Ayan feels pity to see his grandfather living a lonely life, on the other hand mesmerizes to see his diaries of his early days like youth and all. Gradually, Ayan being too sophisticated by the urban grooming comes to term with life when he begins gelling with the old man. As the diaries begin unfolding, more and more narration about the father-son relationship resurfaces and of course also about love and other rite of passages obligatory in life. In a nutshell, the story shuttles between today and yesterday.

Through the diaries Ayan comes to know about the real villainous nature of his father, Jairaj. The kind of treatment his grandfather received from Jairaj in fact actuates Ayan to hate his father. His father is shown quite greedy and mean in the guise of being ambitious. Jairaj gets his comeuppance when he finds that in the will he is not included, rather it goes to Ayan and others. Other than Gopal Shankar, Rohini too is a very touching character in the novel. When the old man, Gopal Shankar passed away she says that, “When dear ones passed away, we love them more and remember them in our heart like hundred little flames.

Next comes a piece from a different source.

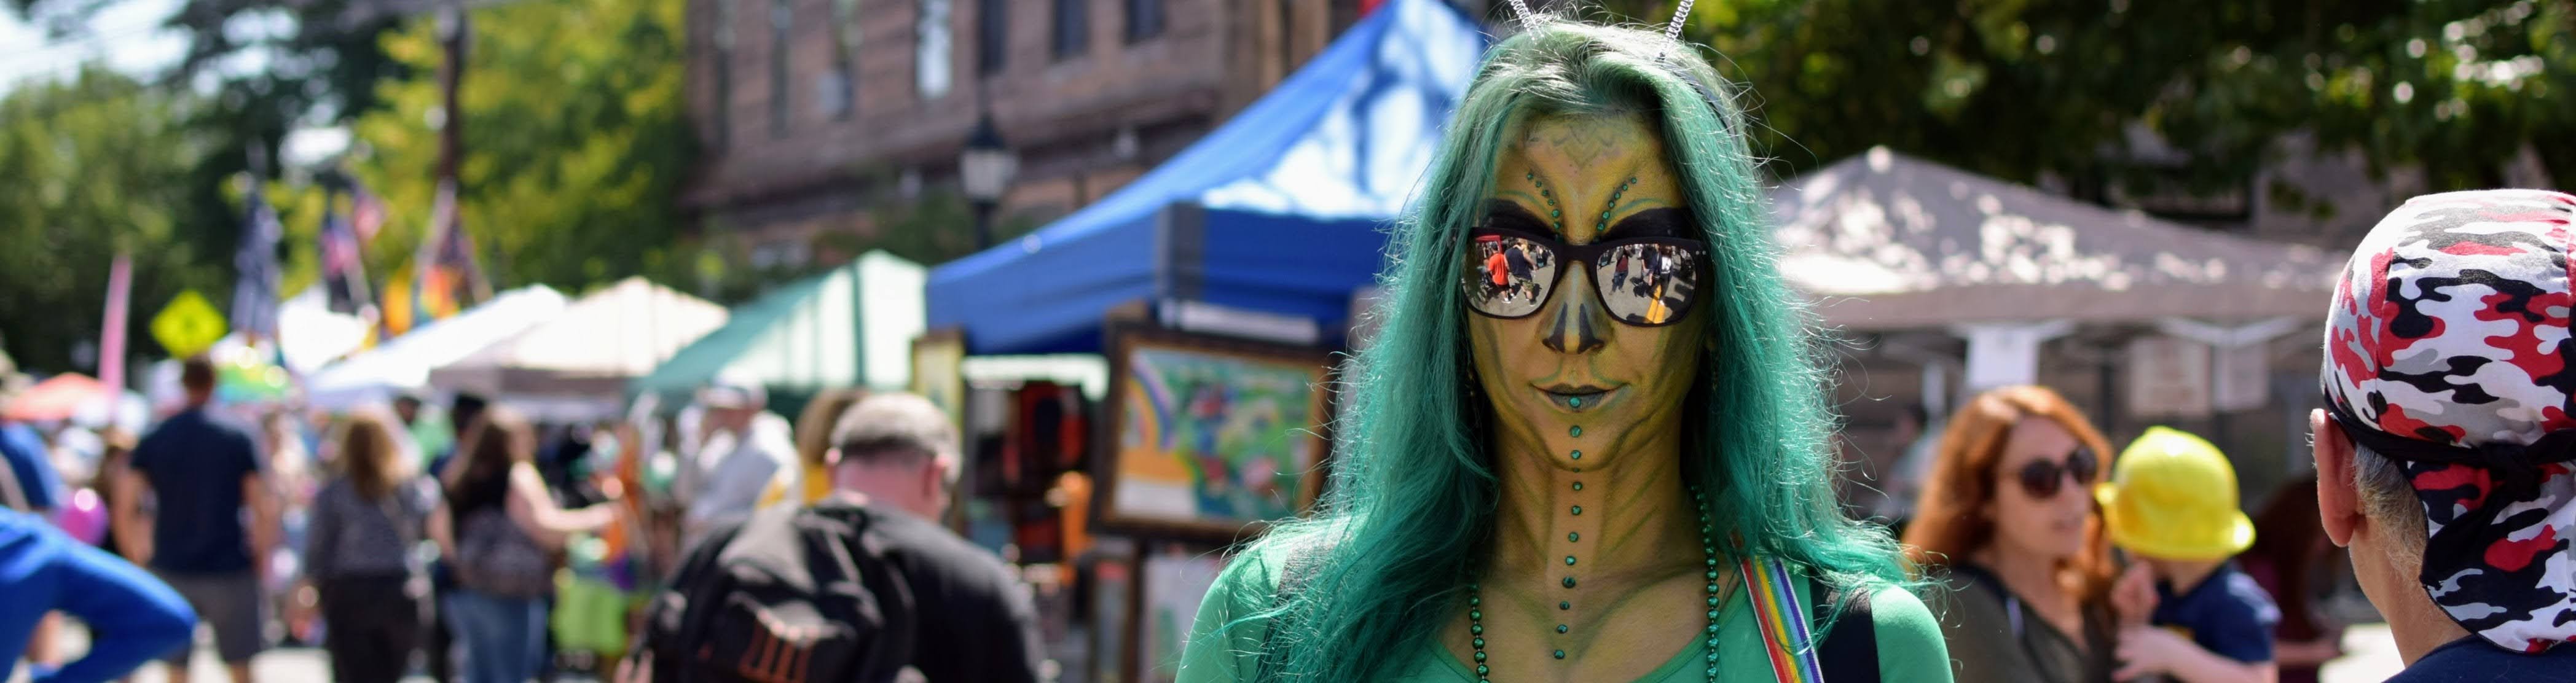 A woman in green alien makeup

Prior to this novel, Preeti was widely known as a writer for romantic novels. However, this time she has come up with deeper voice to touch the souls of Indian generations. Probably, she wants to relay the message about the importance of father-son relationship, which gradually deteriorates with passage of time, as such is the rite of passage of life. The story builds up gradually, and the writing style is fairly good, understandable to all.